Gabrielle Marchetti di JobWatch ricorda come in casi come questi “è importante farsi avanti”, contattando i vari centri legali che offrono assistenza sui diritti dei lavoratori perché “in Australia la legge vale per tutti. Non vale solo per i lavoratori australiani”.
Quando i confini riapriranno è probabile un ritorno dei backpacker nelle farm australiane?
“Che sia una bella o brutta esperienza, è da fare. Ti fa crescere tantissimo. Io sono cresciuto tantissimo. Lo rifarei altre cento volte, è un’esperienza bellissima”, ci ha raccontato Alessandro.

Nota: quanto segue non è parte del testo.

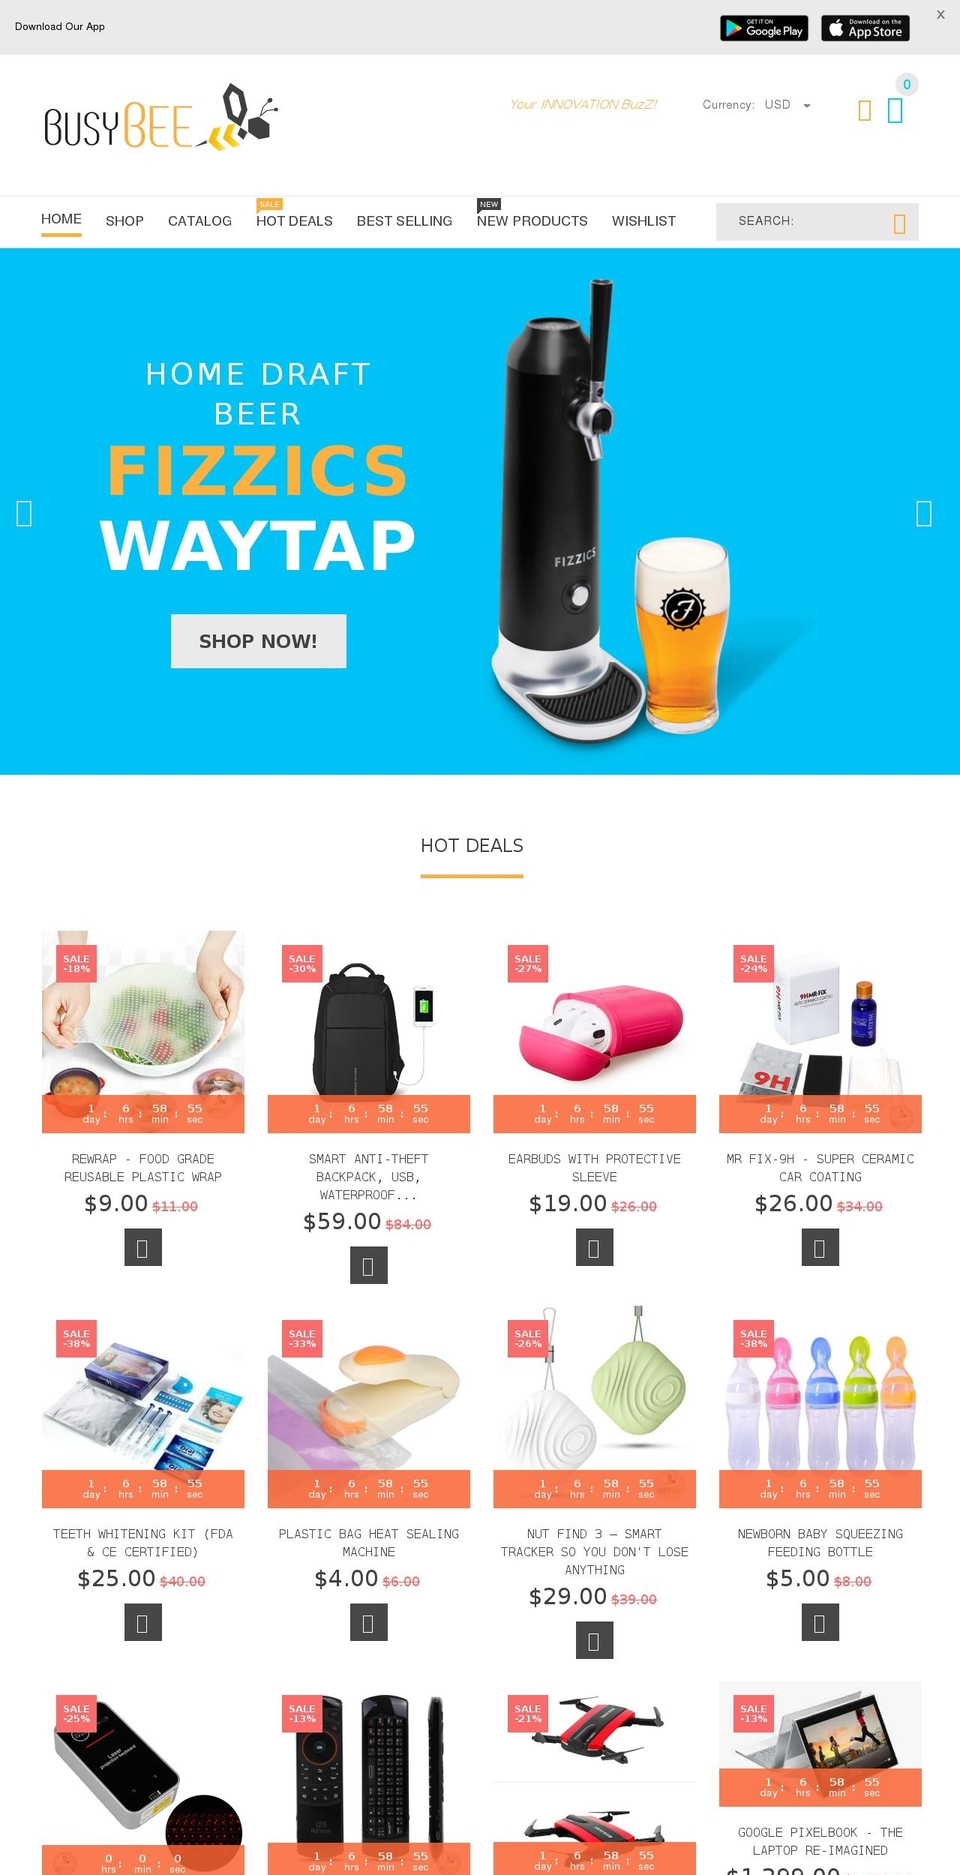 install-me-yourstore-v2-1-9 Shopify theme site example busybee.store
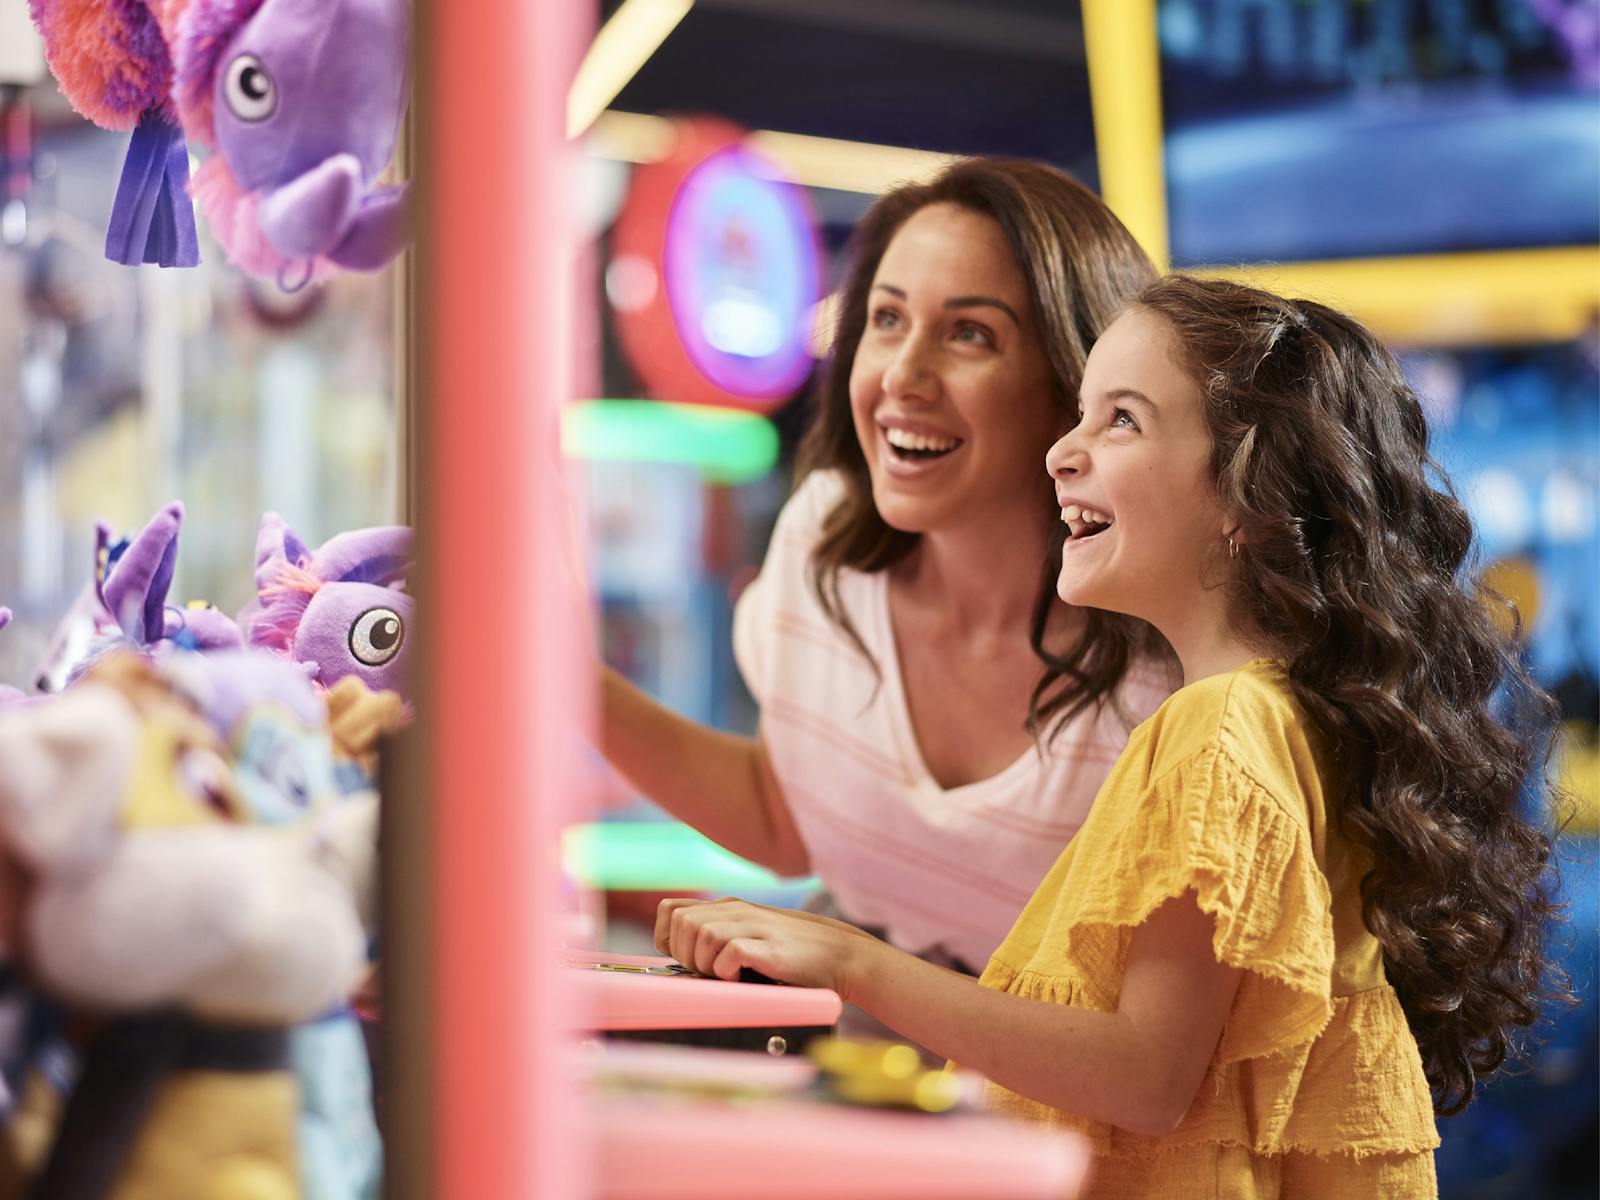 Mum and daughter trying their luck at winning a soft toy by playing a skilltester

Le opportunità nel futuro prossimo di certo non mancheranno. I risultati fin qui ottenuti dai pacchetti offerti dal governo australiano e da quelli di Queensland e Western Australia sembrano lontani dal soddisfare quella carenza che il rapporto già citato di Ernst & Young quantifica in 26.000 lavoratori agricoli sul territorio nazionale. Lo stesso rapporto specifica inoltre che il deficit sarà ancora più grande se la chiusura dei confini internazionali continuerà oltre marzo 2021. Una condizione che appare ora praticamente certa”. (aise)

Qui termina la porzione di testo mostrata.